Quick Start with AI Generation

# Complete workflow: audio → transcripts → AI campaign docs
python main.py process your_session_audio/ --output-dir session_01 --all-steps --generate-campaign

# Generate from existing transcript (recommended for testing)
python main.py generate session_01/Session_*_Final_COMPLETE.txt --output-dir campaign_docs --prompts NPC_template LOCATIONS_template

Expected Output

campaign_docs/
├── NPC_your-session.md      # All NPCs with full profiles and quotes
└── LOCATIONS_your-session.md # All locations with detailed descriptions

Cost & Performance

  • Cost: $0.01-0.10 per session (varies by transcript length and provider)
  • Speed: 30-60 seconds per document
  • Accuracy: Direct analysis provides 100% relevant content (no entity extraction errors)

Available AI Prompt Templates

  • NPC_template: Comprehensive NPC analysis with physical descriptions, motivations, relationships, and roleplaying notes
  • LOCATIONS_template: Detailed location documentation including events, history, secrets, and plot hooks
  • dm_simple_story_summarizer: NY Times-style short stories (10+ pages, Stephen King/Neil Gaiman style)
  • PC_tracker: Individual player character session analysis with relationships, quotes, and development tracking
  • dm_encounter_template: Structured encounter documentation
  • PC_metadata: Player character metadata and background information

AI Provider Setup

# Copy example environment file
cp .env.example .env

# Add your API keys (choose one or more providers):
# ANTHROPIC_API_KEY=sk-ant-your-key-here      # Claude (recommended for long transcripts)
# OPENAI_API_KEY=sk-your-openai-key-here      # ChatGPT (fast and cost-effective)
# GOOGLE_API_KEY=your-google-key-here         # Gemini (alternative option)

Testing & Template Improvement

Current Status: Step 1 (Direct Generation) is complete and working. Step 2 (Intelligent Merging) is on hold for testing and template refinement.

Test the system:

# Generate documents from your transcript
python main.py generate your_transcript.txt --output-dir test_campaign --prompts NPC_template

# Review the generated markdown files
ls test_campaign/
cat test_campaign/NPC_*.md

Template Enhancement: The AI prompts in AI_Prompts/ can be customized for your campaign style. Modify the templates to match your preferred output format.

Example Test Session

Here's what to expect when testing the AI generation with a typical D&D session transcript:

Input: Session transcript (8 pages) containing:

  • 3 NPCs: Tavern keeper "Grenda", Guard captain "Marcus", Mysterious stranger "Vex"
  • 2 Locations: "The Prancing Pony" tavern, "Westgate Guard Tower"
  • 1 Combat encounter with bandits
  • Character dialogue and roleplay

Generated Output:

NPC_test-session.md (example excerpt):

---
prompt_type: NPC_template
session_name: test-session
generated_date: 2024-01-15T14:30:25
provider: anthropic
auto_generated: true
---

# NPCs from Test Session

## Grenda - The Prancing Pony Tavern Keeper

**Physical Description**: A stout halfling woman with graying brown hair tied back in a practical bun...

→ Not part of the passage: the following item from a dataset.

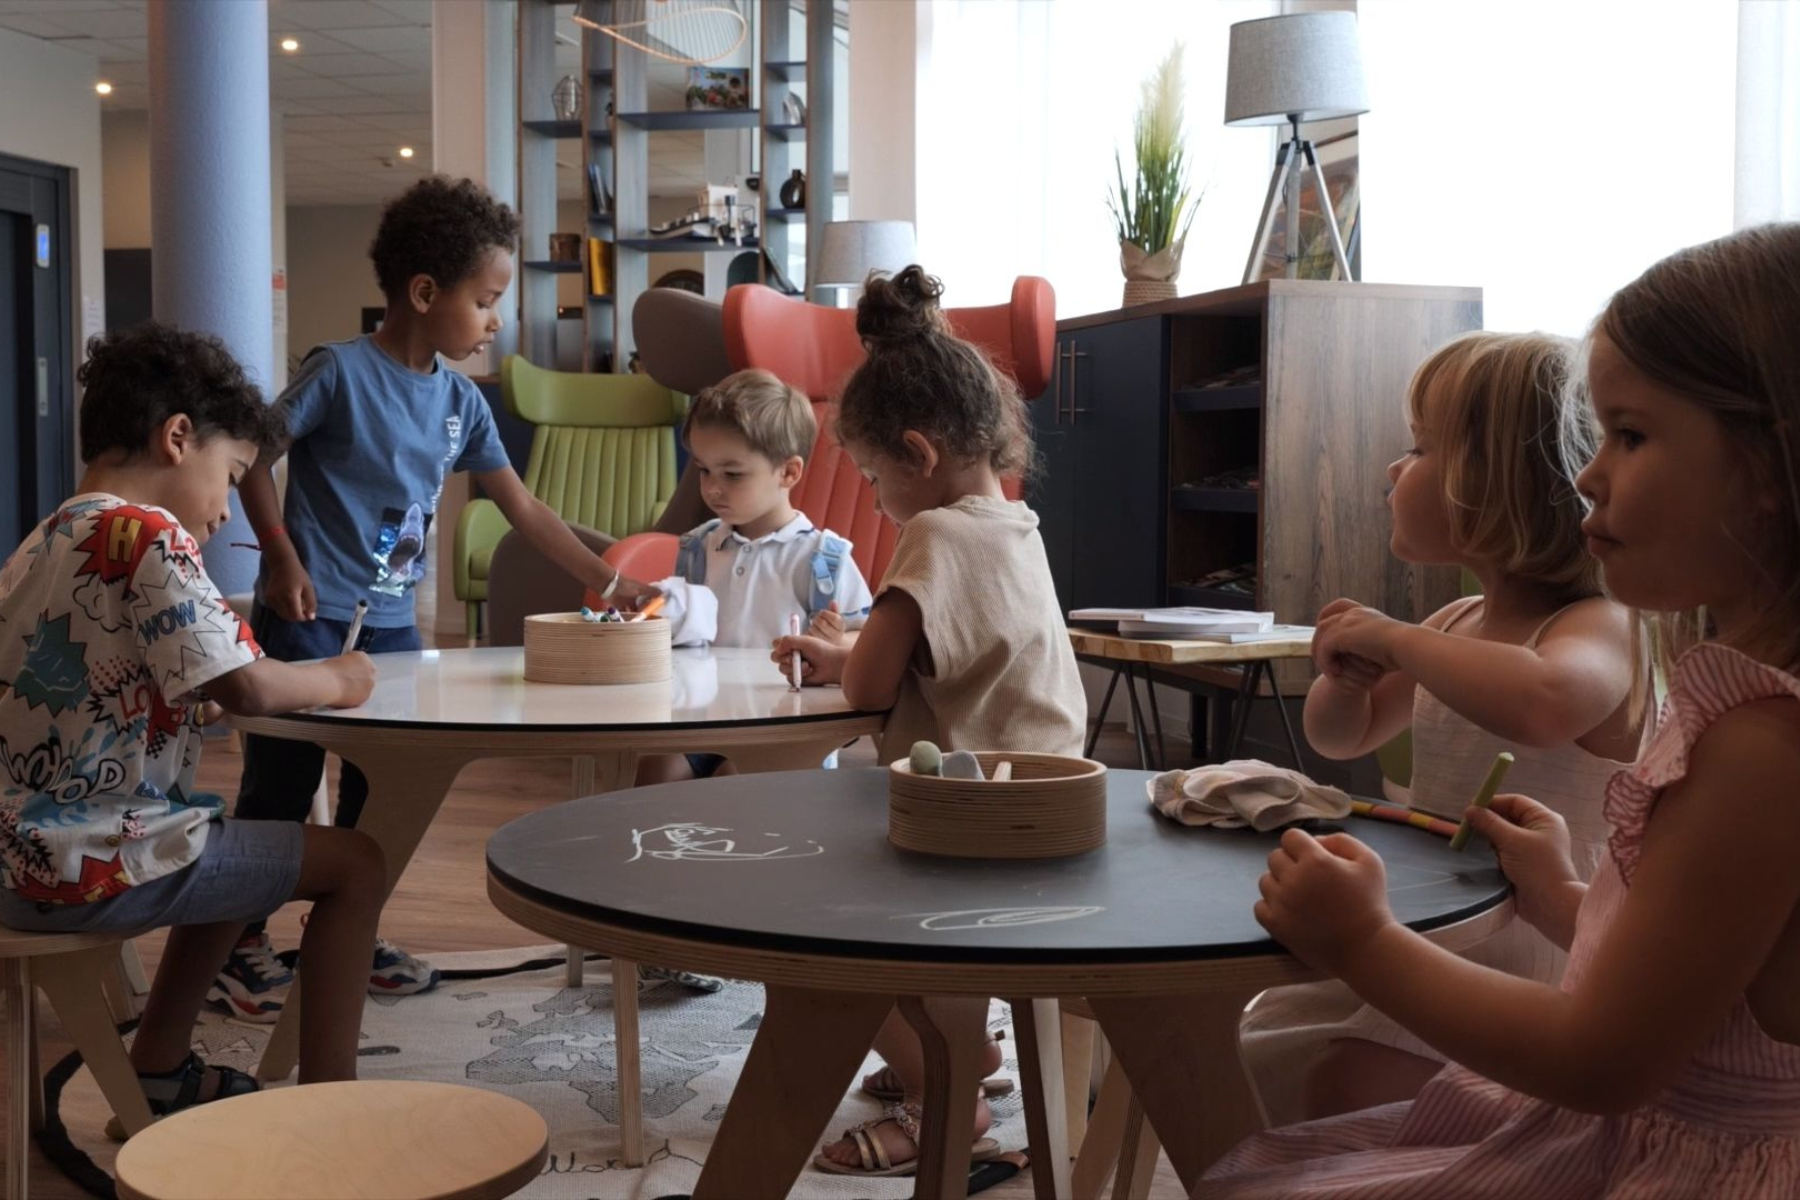 Les Espaces Kids Friendly : Accueillir les familles dans les Espaces Publics

**Personality**: Warm but no-nonsense, protective of her establishment and regular customers...

**Key Quotes**: 
- "You look like trouble, but your coin's good here."
- "Haven't seen Marcus this worried since the goblin raids."

**Relationships**: 
- **Marcus**: Old friend, provides information about local threats
- **Party**: Cautiously helpful, appreciates their gold

## Marcus - Westgate Guard Captain

**Physical Description**: Human male, mid-40s, weathered face with a distinctive scar across his left cheek...

LOCATIONS_test-session.md (example excerpt):

---
prompt_type: LOCATIONS_template  
session_name: test-session
generated_date: 2024-01-15T14:30:45
provider: anthropic
auto_generated: true
---

# Locations from Test Session

## The Prancing Pony - Tavern & Inn

**Description**: A two-story stone and timber building with a thatched roof...

**Atmosphere**: Warm and welcoming, with the smell of hearty stew and fresh bread...

**Important Events**: 
- Party gathered information about bandit attacks
- Met mysterious stranger "Vex" who offered a job
- Marcus arrived with urgent news about missing patrols

**Secrets & Hooks**:
- Grenda knows more about the local bandits than she lets on
- Regular meeting place for information brokers

Performance: Generated in ~45 seconds, cost ~$0.05, 2 comprehensive documents created.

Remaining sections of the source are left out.